Hawaiian volcano may be health risk
CORVALLIS, Ore. – Hawaiian residents who live downwind from the long-active Kilauea volcano may have elevated risks of adverse health conditions because of high levels of sulfur dioxide and aerosol particulates that drift downwind, according to a new study by researchers at Oregon State University and Hawaii.
During a three-week period of average volcanic activity, the researchers measured the sulfur dioxide level in the Kau district south of Kilauea at 17.8 parts per billion – above the minimal risk level of 10 parts per billion, a guideline set by the U.S. Agency for Toxic Substances and Disease Registry. In comparison, Honolulu – located on another island and not in the path of the Kilauea plume – measured just 1.0 ppb during the same time interval. Measurements taken in Los Angeles during that same period averaged a level of 7.0 ppb.
Results of the study have been published in the March issue of the journal Geology.
"When Kilauea began erupting in 1983, there were a number of studies that looked at emissions directly from the volcano, but they haven't looked at the dispersal pattern, or the long-term associated health risk," said Bernadette M. Longo, a recent doctoral graduate in public health at OSU and lead author on the study. "What we found is some cause for concern."
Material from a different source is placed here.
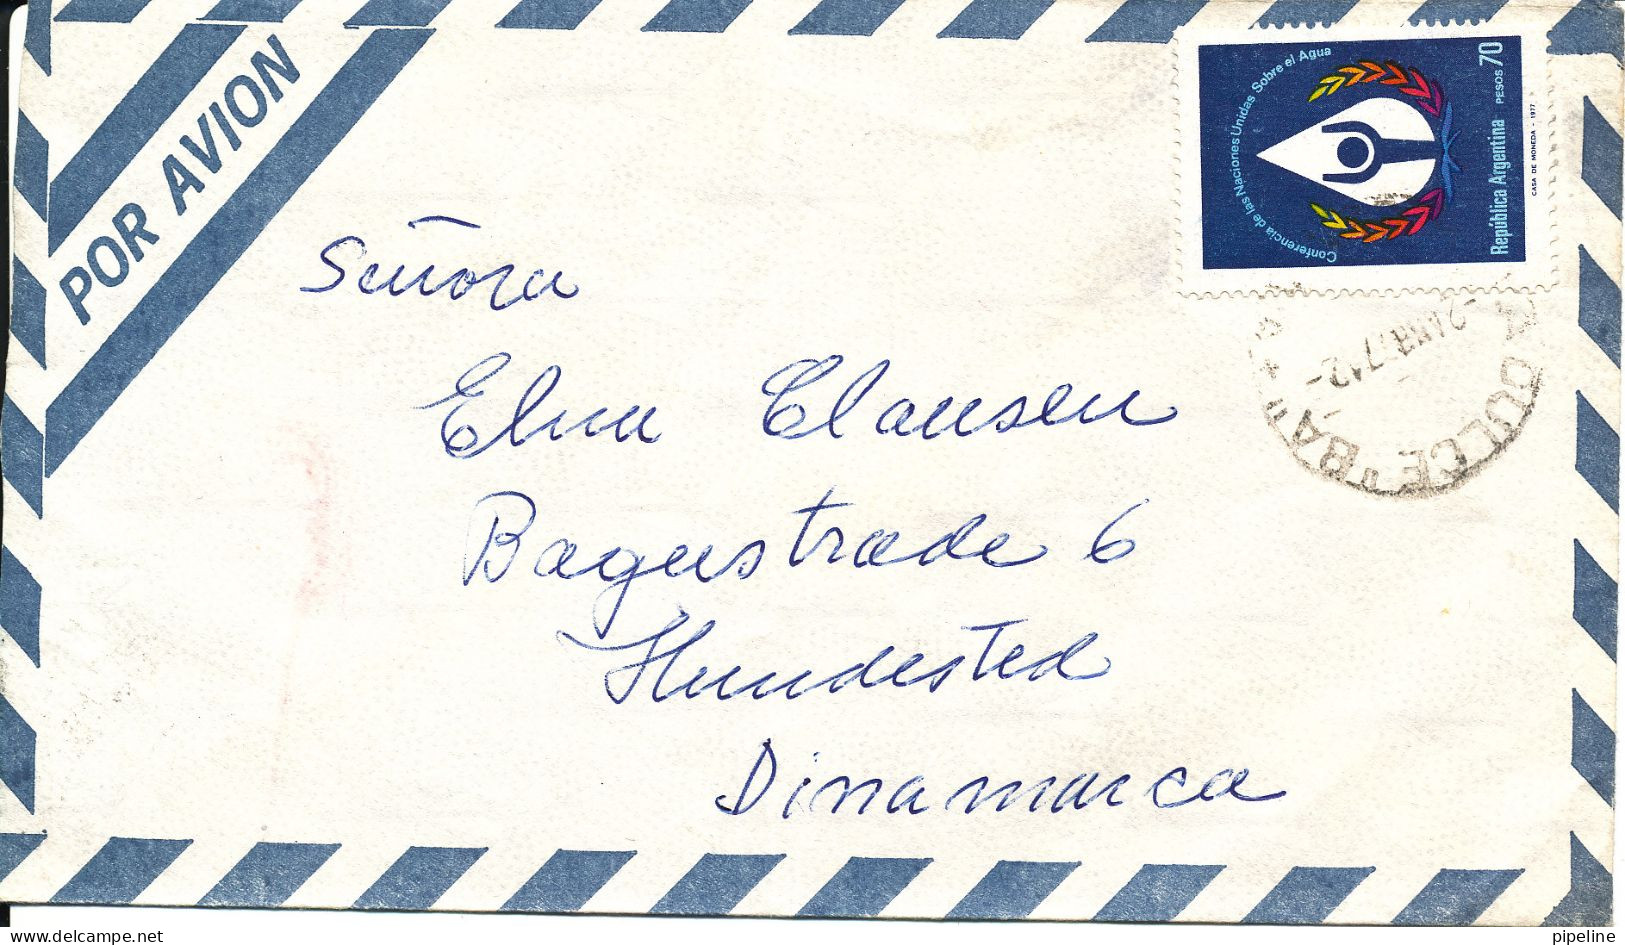 Argentina Air Mail Cover Sent To Denmark 2-4-1977 Single Franked (light Bended Cover) - Posta Aerea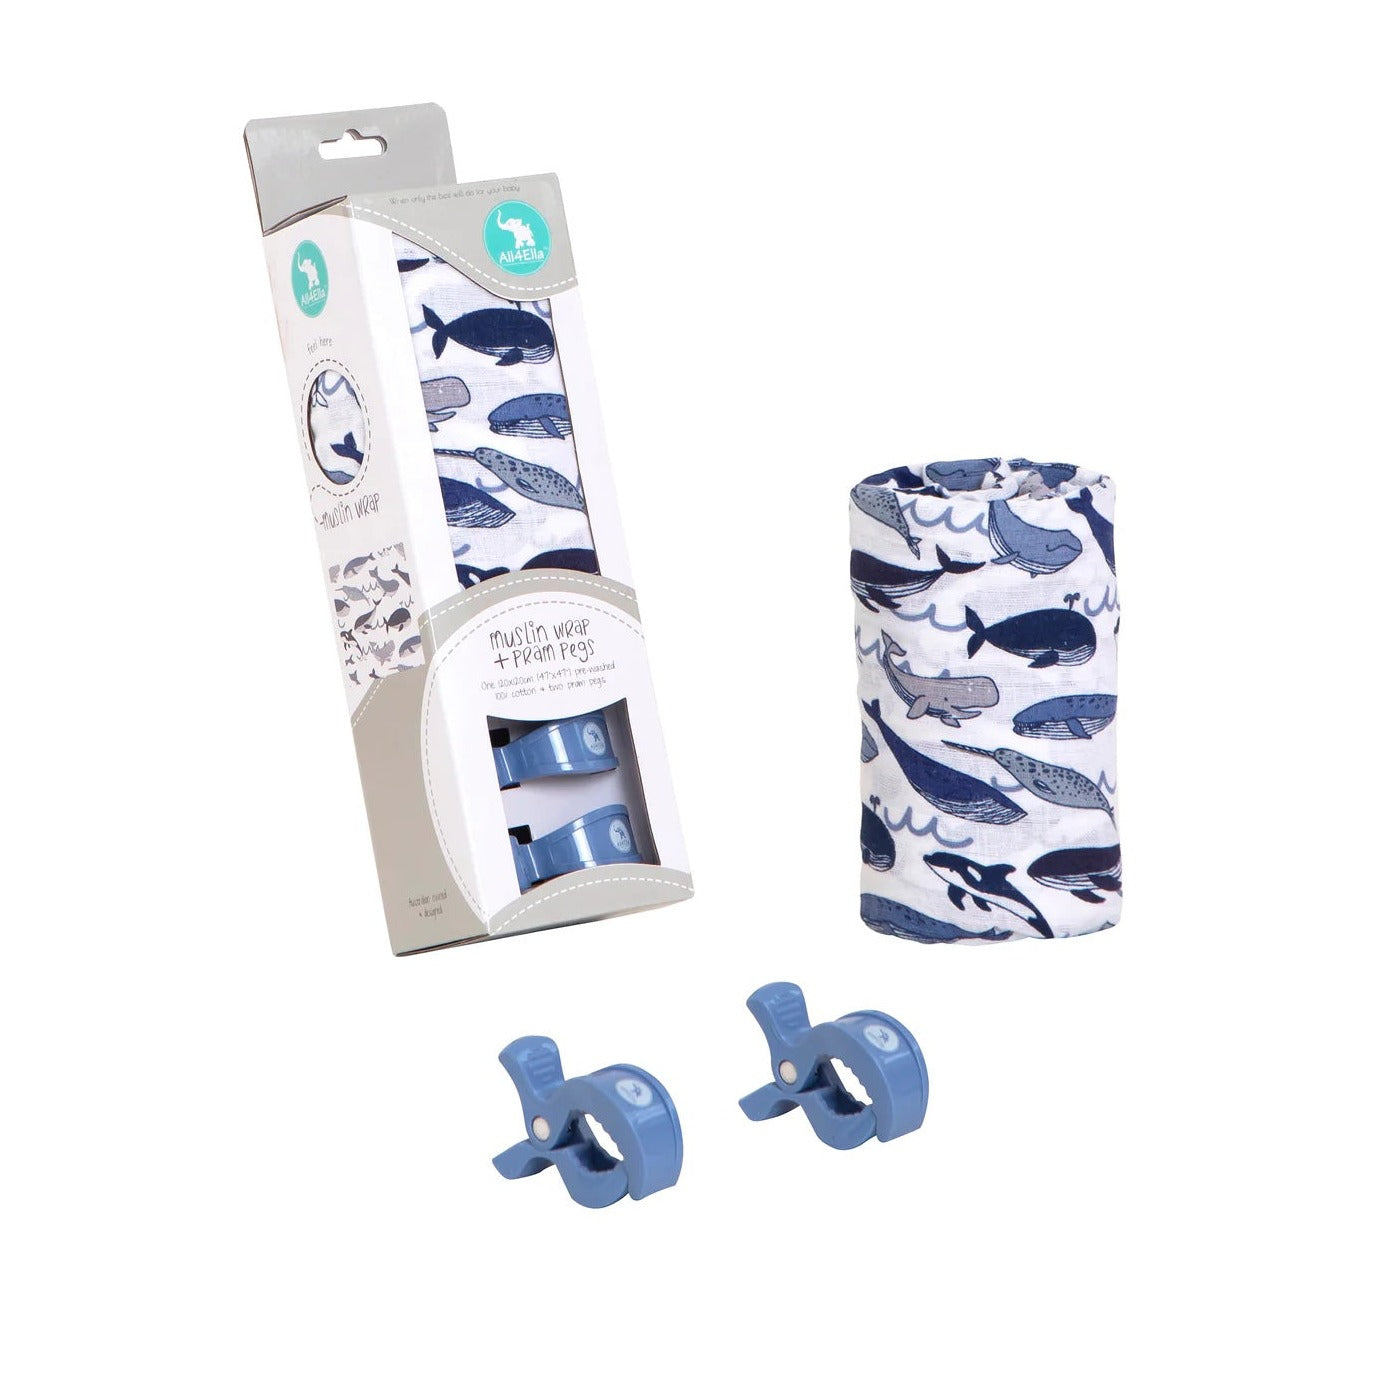 Muslin wrap and pram peg set - angus and dudley

Sulfur dioxide is emitted from Kilauea as a gas and then it begins to change, forming tiny particles and becoming an aerosol. The particle size gradually grows larger and a visible haze develops.
About 70 percent of the time, the Pacific tradewinds blow the emissions southward, toward the small communities of Pahala, Na'alehu and Ocean View. Yet what monitoring has been done has taken place in Hilo, north of the volcano, and on the Kona Coast, which is on the other side of the island well down the plume's path, Longo said.
Longo said sulfur dioxide gas at elevated levels can cause bronchial irritation and trigger asthma attacks in susceptible individuals. Potential health risks expand to a broader section of the public when the gas turns to particulate matter, she pointed out.
"The particles can affect lung defenses and the ability to clear material out of the lungs," she said. "They can cause bronchitis. And some of the newest research suggests that prolonged exposure to these particles may be associated with cardiac problems."
Longo, who worked for more than 20 years as a nurse before pursuing her doctorate at Oregon State, has surveyed long-time local residents in communities south of Kilauea to see if they have experienced health problems at a higher rate than other Hawaiians. She has compiled that data and hopes to publish a second paper later this year.
Assisting Longo with the study were Anita Grunder, a professor in the OSU Department of Geosciences and an expert in volcanism; Raymond Chuan, a retired physicist in Hawaii who conducted some of the first air assessments of Kilauea in the late 1990s; and Annette Rossignol, a professor in OSU's Department of Public Health and an epidemiologist.
Grunder said effusive basalt volcanoes – like Kilauea or Masaya in Nicaragua – can emit a great deal of sulfur dioxide into the lower atmosphere even when not erupting. By contrast, Washington's Mount St. Helens is a dacite volcano that emits sulfur dioxide primarily during eruptions, and even then injects it high into the atmosphere, where the immediate impact on humans is less.
Kilauea is the top "point source" for sulfur dioxide in the United States, the researchers say.
"They found that sulfur dioxide from Kilauea in the Kau district is concentrated near the coast and is less at higher elevations," Grunder said. "Aerosol concentrations were the opposite; low at the coast and higher at higher elevation. The SO2 can react with moisture in the lungs to create sulfuric acid. If you flush rain through an SO2 atmosphere, you get acid rain.
"Plants don't like it; cars and signs get rusty," she added. "At Masaya (in Nicaragua), when they hang clothes on the line, they can get holes in their clothes."
Grunder said the study has application for millions of people around the world potentially at-risk for exposure to volcanic gas, as well as industrial air pollution.
Longo said the study was conducted during a three-week period in 2003 during which the tradewinds blew in a normal pattern every day, the volcano had average emissions, and it typically rained in the afternoon. In short, she said, the conditions were typical, not extreme.
She found the volcano's plume moves offshore over the ocean at night, and then comes inland by mid-morning. "If that pattern holds – and we need more data to confirm it – we could identify times when it is best to exercise or work in the garden," Longo said, "as well as times when it might be best to refrain from physical activities."
The island of Hawaii does have a monitoring system and a Vog index, the researchers point out, but it is measured only along the Kona Coast, not in Kau. This "volcano-smog" index – Vog is a locally coined term - also is based on aerosol visibility, not SO2.
"Unfortunately, sulfur dioxide is invisible, so people can't see that they are being exposed," Longo said. "One of our recommendations is to establish monitoring in the region directly south of the volcano, not just in the more heavily populated areas."